**To do:** Give back, exactly and with nothing added, the lines that run from the one containing "Shot of inside" to the final line below.

**Data block:**
╭──
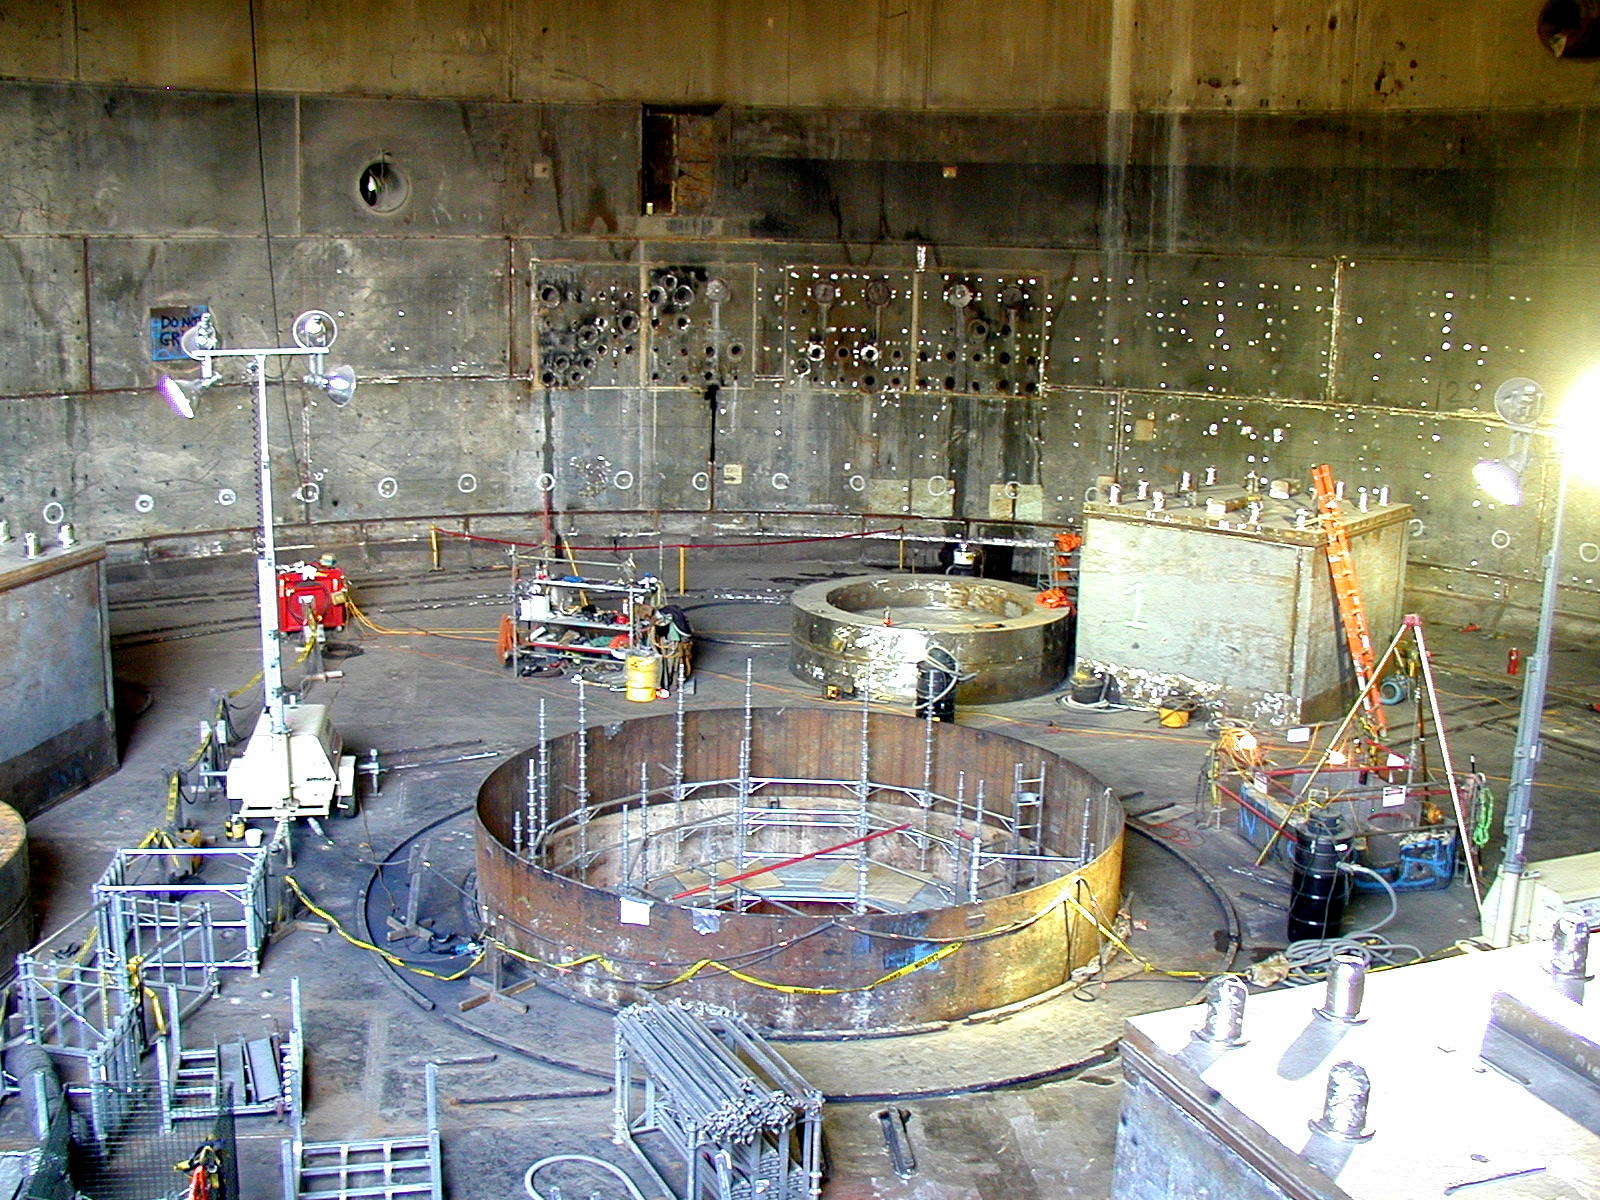 Containment Remediation
Shot of inside containment after remediation was complete. The ICI pit, in the center, has scaffolding setup in preparation for surveys.
Keywords: Maine Yankee Nuclear Power Plant (decommissioned) Decommissioning Remediation
╰──
**Expected answer:**
Shot of inside containment after remediation was complete. The ICI pit, in the center, has scaffolding setup in preparation for surveys.
Keywords: Maine Yankee Nuclear Power Plant (decommissioned) Decommissioning Remediation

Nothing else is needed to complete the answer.